When one of our Product Developers, Debbie, set out for a week-long vacation in Turks & Caicos with her husband Russ, they did not intend on returning with a rescued puppy. But, as you can probably already guess, they did.


Turks & Caicos are islands that are around six hundred miles southeast of Florida. They are geographically a part of the Bahamas but are politically separate as they are a British territory. Combined, the population of these two islands is about 31,500 (http://en.wikipedia.org/wiki/Turks_and_Caicos_Islands) and they see roughly 265,000 tourists a year.

12570703814_f0c8eda709_cOne of the projects that Debbie manages is Ruffwear’s product testing process, which includes a network of over 50 product testers across the US. These testers run prototypes of our products through the ringer, season after season, providing crucial feedback to how our products actually work in outdoor settings. This process allows our product design team to make any necessary alterations or refinements needed before we release a product to the market. Having heard that Debbie was heading to Turks & Caicos, one of our testers made Debbie aware of a dog rescue organization there called Potcake Place that rescues “Potcakes” (primarily puppies) from around the islands, houses them in volunteer foster homes, provides the necessary vaccinations, then works to socialize them as early as possible and lastly, finding good homes for them between both locals and tourists. This tester happens to provide foster care for one of the Potcakes.

So, what is a Potcake? In a way, they are a breed, but not entirely. They are the puppies that the Potcake Place rescues from the “bush” of the islands. The term “Potcake” was the cultural name that the dogs of the Bahamas were given. The name comes from the food that dogs were fed – the caked remains of food from their cooking pots. Over time, these dogs have evolved into a breed of dogs that range from 35 to 75 pounds, with most averaging about 45 pounds.

In an attempt to increase socialization and exercise opportunities, Potcake Place has a program where you can visit in the morning and volunteer to take a dog for part of the day for walks around town or to the beach to explore. Having learned about this, Debbie decided that they would spend a day of their vacation volunteering to take a dog from the shelter to the beach to play. Upon arriving at the Potcake Place in downtown Providenciales, Debbie was handed a twelve-week-old black, and very cute, puppy named Reef.12570279743_1354c0fb73_c

Reef was one of a litter of eight known as the “never say never litter.” When a volunteer found the litter of eight puppies, she expressed that they just did not have room for the litter. The Director of Potcake Place responded, “never say never.”

Debbie and Russ took Reef to the beach and she was immediately impressed by Reef’s sense of manners on a leash and wisdom beyond his months! Within thirty minutes, Russ turned to Debbie and said, “if you want to bring him home, I am OK with it.” While they were walking with Reef on the beach, a number of other tourists stopped to visit with Reef and explained that they had also adopted Potcake dogs and sang their praises for the new addition to their family.
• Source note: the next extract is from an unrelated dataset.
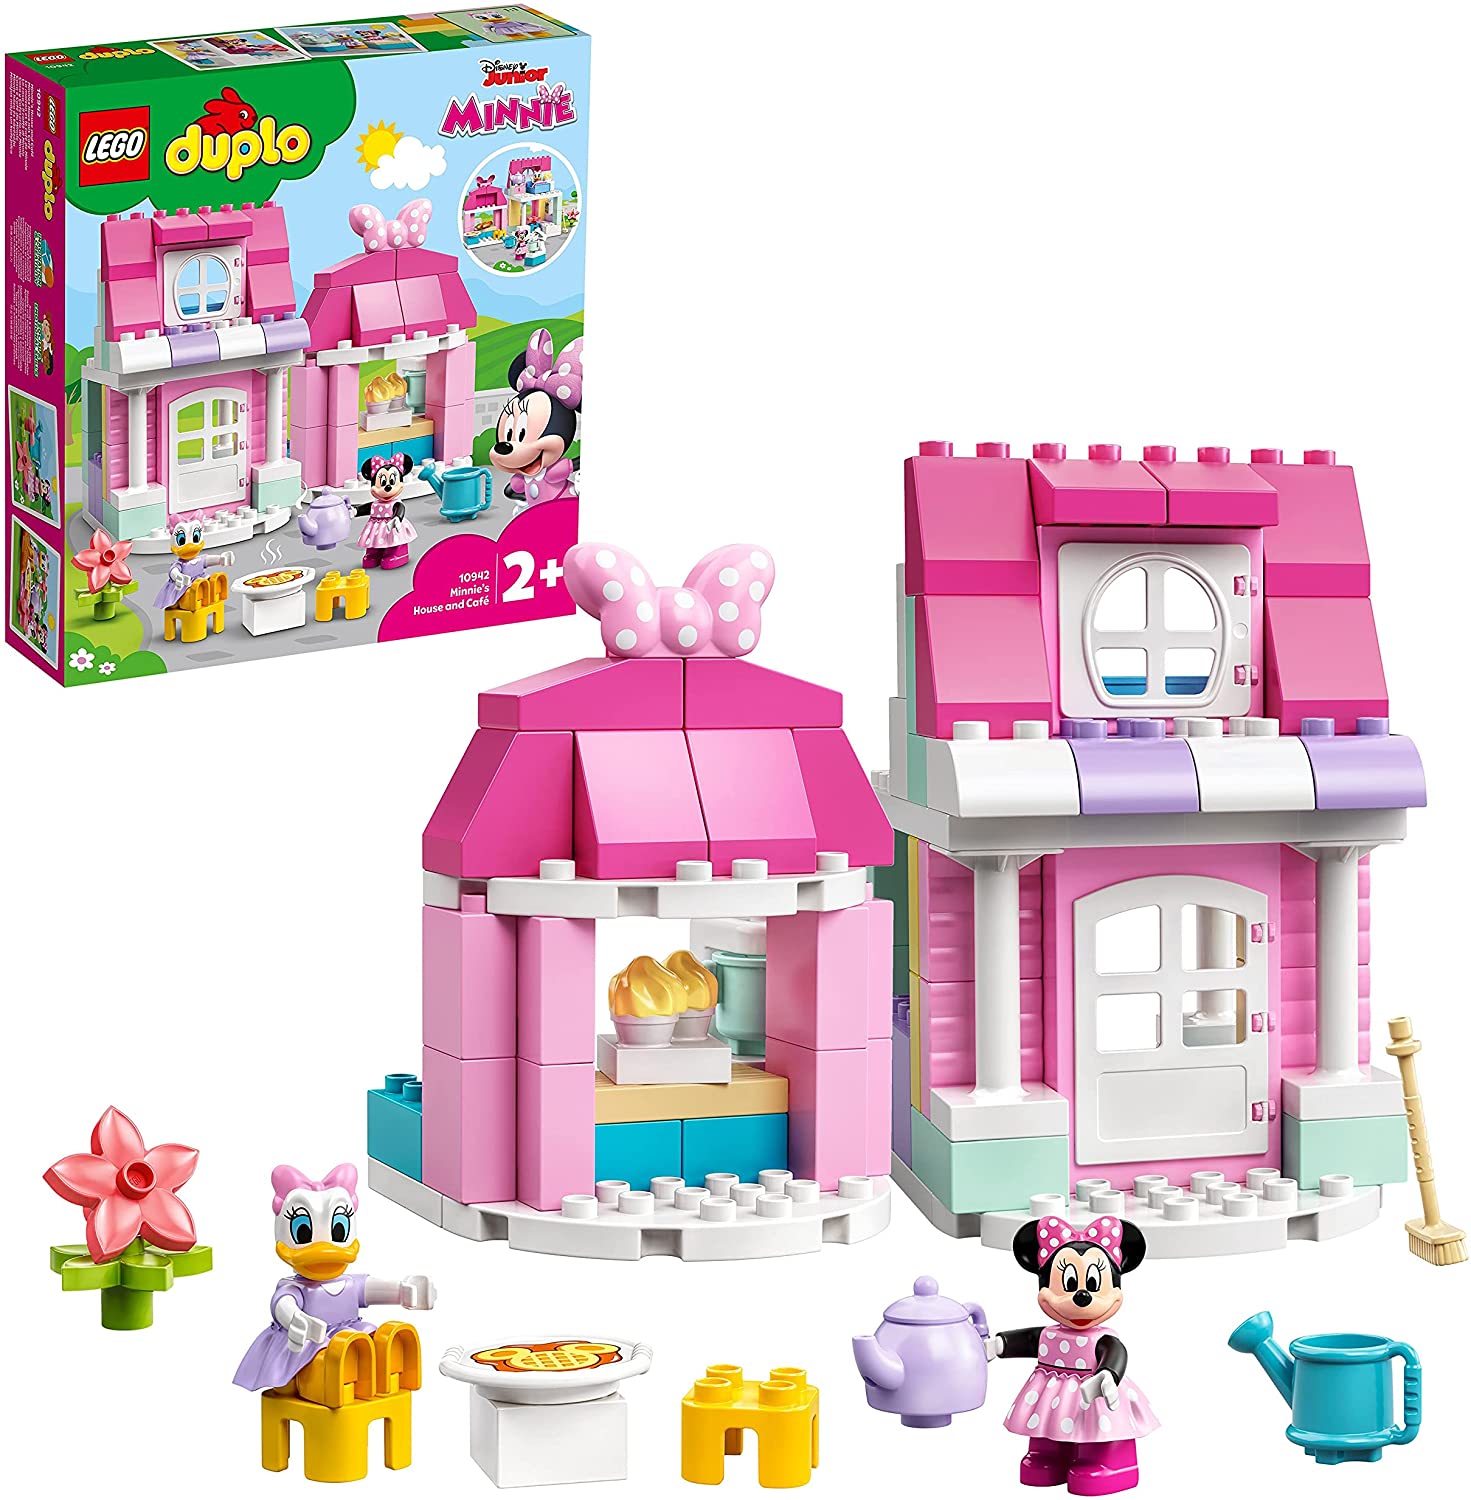 LEGO 10942 Duplo Disney Minnies House with Café, Minnie Mouse Toy for Build

They took Reef back to Potcake Place after a day of play in the sand and mentioned that they were thinking about adopting him but wanted to sleep on it. “We’ll just mark him as reserved,” said the volunteer working at the time. “That way if you decide to come back tomorrow and adopt him, he will be here.“ So, they slept on it. In the morning, the decision was made; they would adopt Reef and bring home a little brother for their five-year-old lab-mix, Max.

The obvious next question was, how do we get Reef back home from Turks & Caicos to Bend, Oregon? It turns out, the process is very simple – once approved as an adopting family, the folks at Potcake Place take care of most of the paperwork. The only obligation Debbie and Russ had was to make sure that there were still remaining seats on the plane for dogs (the current limit is seven dogs in a cabin) and to cover any pet flight fees. As Debbie and Russ arrived at the airport at six in the morning for their flight home, a Potcake Place volunteer met them at the airport with Reef, the necessary paperwork and a crate sized to fit on a plane, ready for his big adventure. Nervous and emotional, Debbie said she “felt like I was adopting a child, I was so excited.”

Though they had three flights to get back to Oregon, Reef handled them like a seasoned traveler. He has also handled his transition from beach life to snowy mountain town life like a champ. As for his new life with a big brother named Max, they have attached to each other like brothers should, with no aggression, and even sharing chew toys.

“I’m excited to introduce Reef to my stand up paddleboard at an early age so he gets comfortable and relaxed on it and we can explore the lakes and rivers here in Central Oregon together,” Debbie excitedly reports, as the snow finally begins to melt. “Once he is old enough, I think he will make a great running partner, too.”


For more information on the Potcake Place, visit www.potcakeplace.com

2 thoughts

  1. I also adopted a potcake. Loved him, but only had him a few weeks. His heartworm got the best of him and he got very sick. He was well-loved and I am so pleased with the wonderful program they have!

  2. What a fantastic post! I had no idea that it was so easy to adopt from such a remote place, and what a great way to eliminate our “doggy withdrawal” and do some good while on vacation! Congrats on the newest addition to the family!